The clinical conditions that lead to diagnosis of diabetes and/or cancer may to some extent be overlapping (accumulating ‘ill-health’), so that patients with diagnoses of both diseases in close succession cannot be classified meaningfully as having one disease before the other. Thus, it is important in epidemiological studies to be able to classify follow-up in the diabetic population by duration (time since diagnosis) [57]. Ideally, this would be accomplished by identifying incident cases of diabetes, implying that prevalent cases, with unknown date of diagnosis and hence missing data on duration in follow-up, should be excluded from analysis.

A final issue in follow-up for cancer occurrence is the termination of follow-up (censoring) in observational studies, which must be independent of the disease process (i.e. cancer incidence). Thus, censoring owing to change of glucose-lowering therapy could potentially introduce substantial bias, since cancer occurrence is likely to be preceded by symptoms that may lead to changes in treatment modalities. The appropriate approach is therefore to account for all available follow-up time, with attribution of all risk time to a relevant exposure in a time-varying manner, such as ‘ever on drug X’ or ‘time since start of drug X’.

figure c

Reverse causality

In assessing the temporal relationship between diabetes and cancer, the concept of reverse causality should be considered. In the case of diabetes and cancer, this issue has been raised as a consideration for pancreatic cancer, whereby resultant dysfunction of insulin secretion may be sufficient to induce hyperglycaemia, particularly in individuals with underlying peripheral insulin resistance. Similarly cancer in the metabolically active liver may also result in derangements of glycaemic control.

While reverse causality should be kept in mind as a potential alternative hypothesis for observed associations between diabetes and cancer incidence, evidence suggests that it is unlikely to be entirely responsible for all observed associations. For example, because pancreatic cancer is generally regarded as rapidly progressive and generally fatal, only an increase in incidence in the very short (e.g. <6 months) time window following diabetes onset may be due to reverse causality. However, when observations of an elevated risk of pancreatic cancer persist during longer periods of follow-up (i.e. up to 10 years after diabetes onset), it is unlikely to be due to reverse causality [17, 57].

figure d

Competing risks

Another consideration is the potential impact of competing risks, and the related concepts of immortal time bias and informative censoring. Immortal time is a period of follow-up in cohort studies during which, because of exposure definition, the outcome under study could not occur. For time-based, event-based and exposure-based cohort definitions, immortal time bias in the rate ratio resulting from misclassified or excluded immortal time increases proportionately to the duration of immortal time [58]. Informative censoring occurs when follow-up is curtailed due to change in status related to the event of interest; in RCT, this might occur as a result of a patient experiencing an adverse effect; in observational studies, it may arise owing to changes in drug therapy which may be related to subsequent outcome (e.g. early symptoms of cancer).
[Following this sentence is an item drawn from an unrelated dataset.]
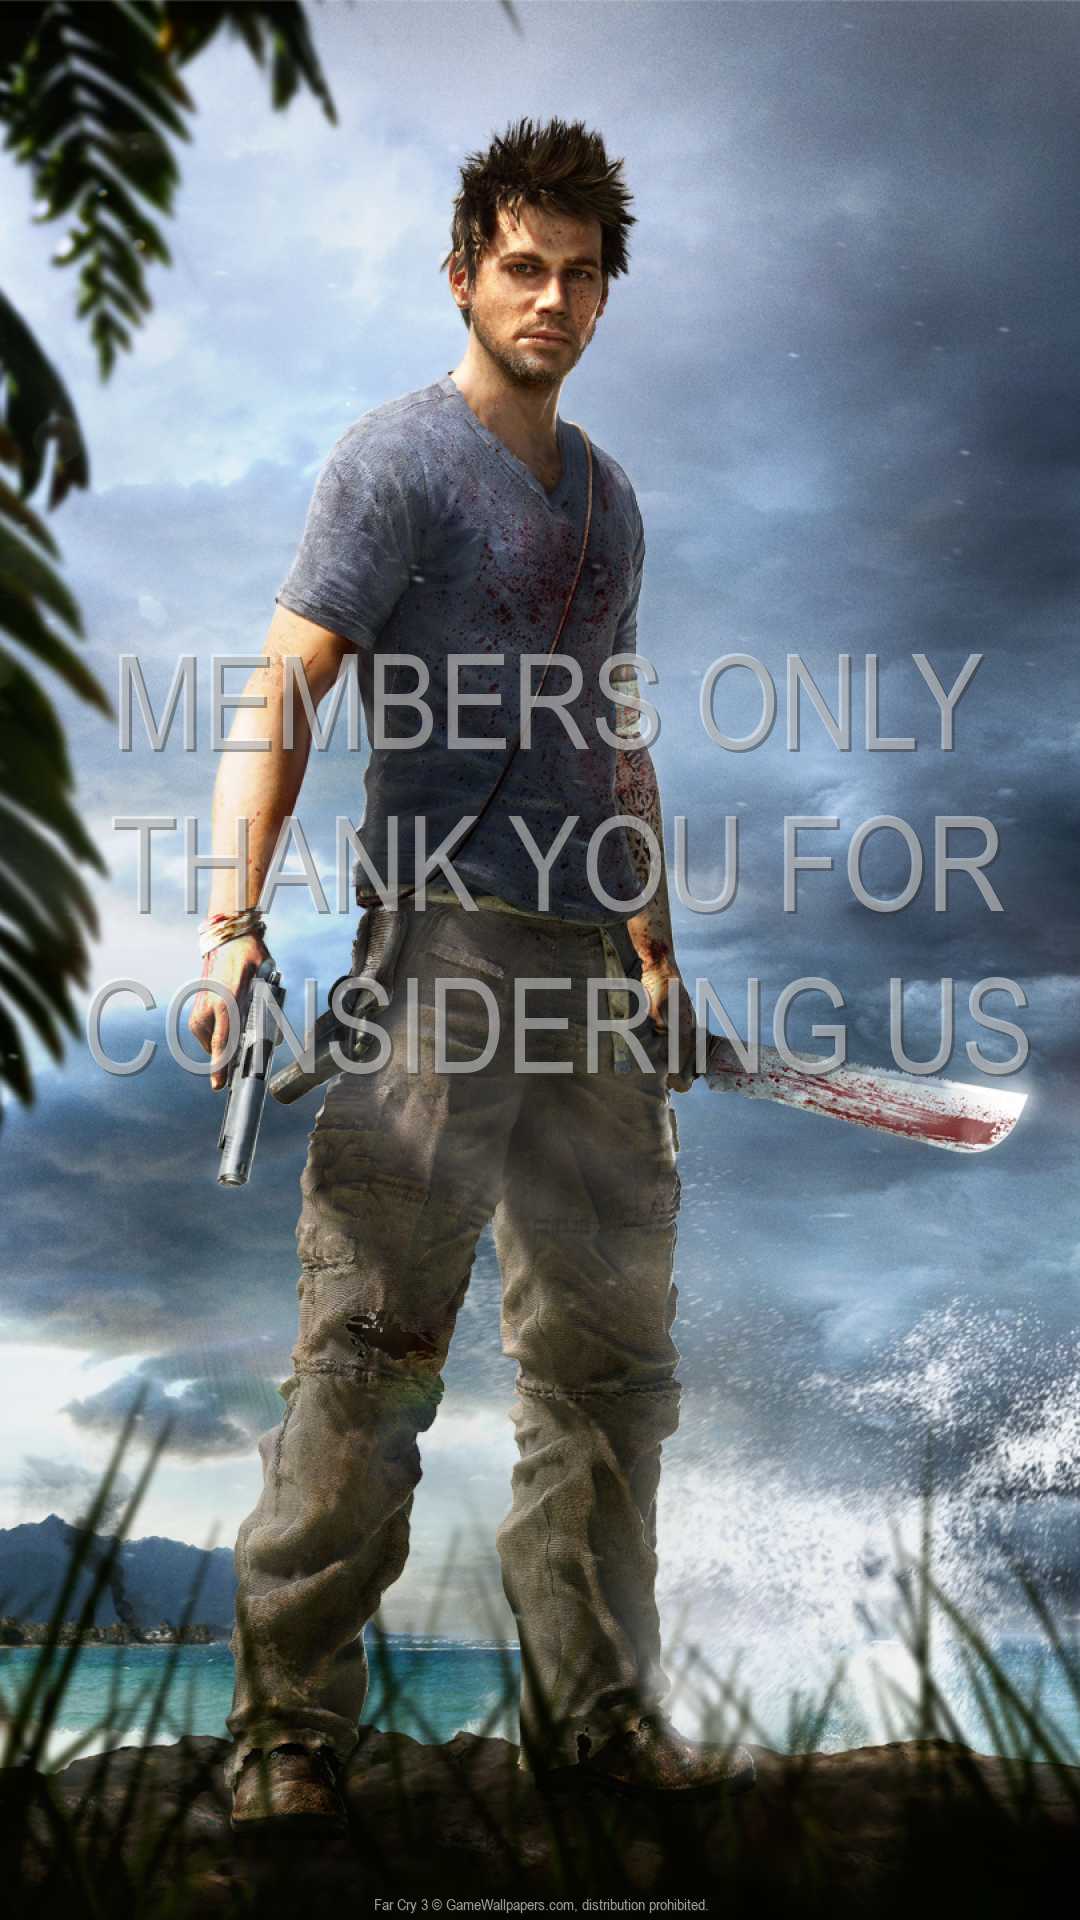 Far Cry 3 1080p%20Vertical Mobile wallpaper or background 09

To study the incidence of cancer in patients with type 2 diabetes, it is necessary to ensure that follow-up is only among cancer-free individuals. This is more easily accomplished in the populations of Scandinavia, the UK and Canada, with long-standing cancer registration systems. In other settings where diabetes and cancer diagnosis come from the same systems, it may be necessary to include a ‘washout’ or cancer-free period prior to the follow-up for cancer occurrence among both diabetic patients and non-diabetic individuals.

Among diabetic patients, an increased risk of death due to other causes, most notably cardiovascular disease, would compete for the incidence of cancers, which may have a longer latency period. For example, improvements in cardiovascular risk reduction have led to reduced cardiovascular mortality in the general population as well as the diabetic population [59]. It might be expected that, as life expectancy is extended, we will see an increase in the number of cancer cases in the diabetic population, but we would only see an increase in cancer rates if the additional survivors are more susceptible to cancer, which is difficult to imagine. However, if one competing risk (cardiovascular disease, for example) decreases without change in the cancer rates, we will observe an increasing cumulative risk of cancer, and hence an apparent increase in the cancer burden.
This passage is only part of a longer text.